Introduction to AI-Ready Networking
To manage IT complexity, organizations are turning to technology partners to create central hubs for their operations. A recent example of this is the Ryder Cup, which engaged HPE to create a platform for tournament staff to access data visualization and support operational decision-making. This dashboard leveraged a high-performance network and private-cloud environment, aggregating and distilling insights from diverse real-time data feeds.
The Importance of Networking in AI Implementation
It was a glimpse into what AI-ready networking looks like at scale—a real-world stress test with implications for everything from event management to enterprise operations. While models and data readiness get the lion’s share of boardroom attention and media hype, networking is a critical third leg of successful AI implementation, explains Jon Green, CTO of HPE Networking. “Disconnected AI doesn’t get you very much; you need a way to get data into it and out of it for both training and inference,” he says.
The Future of Networking
As businesses move toward distributed, real-time AI applications, tomorrow’s networks will need to parse even more massive volumes of information at ever more lightning-fast speeds. What played out on the greens at Bethpage Black represents a lesson being learned across industries: Inference-ready networks are a make-or-break factor for turning AI’s promise into real-world performance.
Making a Network AI Inference-Ready
More than half of organizations are still struggling to operationalize their data pipelines. In a recent HPE cross-industry survey of 1,775 IT leaders, 45% said they could run real-time data pushes and pulls for innovation. It’s a noticeable change over last year’s numbers (just 7% reported having such capabilities in 2024), but there’s still work to be done to connect data collection with real-time decision-making.

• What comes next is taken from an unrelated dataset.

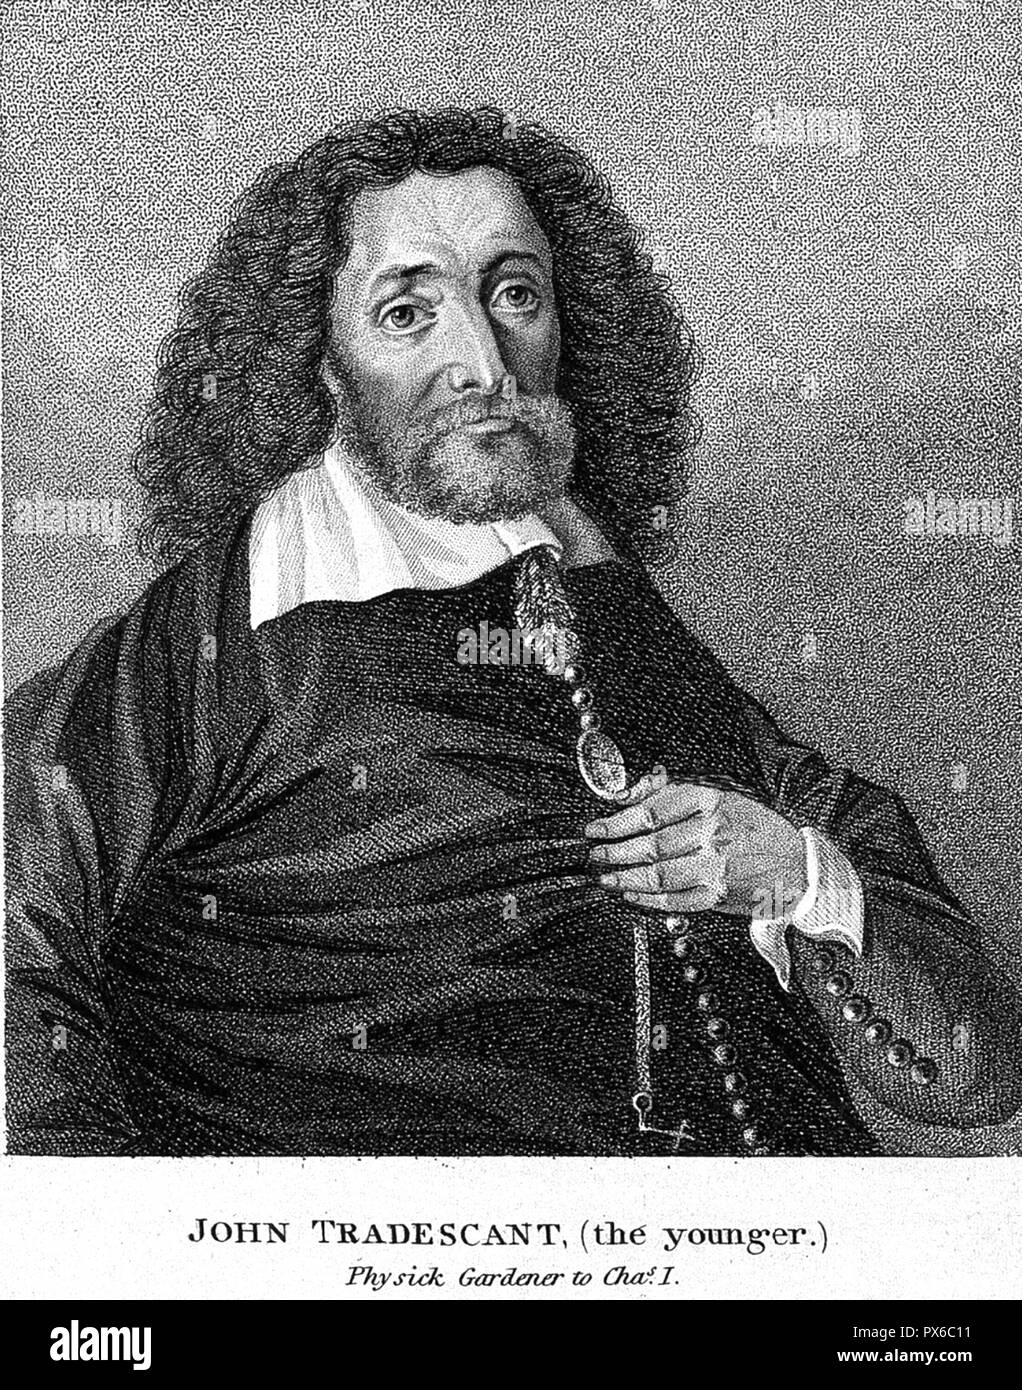 Le jeune JOHN TRADESCANT (1608-1662) Botaniste et jardinier Anglais Photo Stock

The Role of Infrastructure Design
The network may hold the key to further narrowing that gap. Part of the solution will likely come down to infrastructure design. While traditional enterprise networks are engineered to handle the predictable flow of business applications—email, browsers, file sharing, etc.—they’re not designed to field the dynamic, high-volume data movement required by AI workloads. Inferencing in particular depends on shuttling vast datasets between multiple GPUs with supercomputer-like precision.
Characteristics of AI-Ready Networks
Networks built for AI, therefore, must operate with a different set of performance characteristics, including ultra-low latency, lossless throughput, specialized equipment, and adaptability at scale. One of these differences is AI’s distributed nature, which affects the seamless flow of data.
Real-World Example: The Ryder Cup
The Ryder Cup was a vivid demonstration of this new class of networking in action. During the event, a Connected Intelligence Center was put in place to ingest data from ticket scans, weather reports, GPS-tracked golf carts, concession and merchandise sales, spectator and consumer queues, and network performance. Additionally, 67 AI-enabled cameras were positioned throughout the course. Inputs were analyzed through an operational intelligence dashboard and provided staff with an instantaneous view of activity across the grounds.
Conclusion
In conclusion, AI-ready networking is crucial for organizations to turn AI’s promise into real-world performance. With the increasing demand for distributed, real-time AI applications, networks must be designed to handle the dynamic, high-volume data movement required by AI workloads. By understanding the importance of networking in AI implementation and designing infrastructure with AI-ready performance characteristics, organizations can unlock the full potential of AI and stay ahead in the game.
FAQs
Q: What is AI-ready networking?
A: AI-ready networking refers to the design and implementation of networks that can handle the high-volume, dynamic data movement required by AI workloads.
Q: Why is networking important in AI implementation?
A: Networking is a critical third leg of successful AI implementation, as it enables the flow of data into and out of AI systems for both training and inference.
Q: What are the characteristics of AI-ready networks?
A: AI-ready networks must operate with ultra-low latency, lossless throughput, specialized equipment, and adaptability at scale.
Q: What is the role of infrastructure design in making a network AI inference-ready?
A: Infrastructure design plays a crucial role in making a network AI inference-ready, as traditional enterprise networks are not designed to handle the dynamic, high-volume data movement required by AI workloads.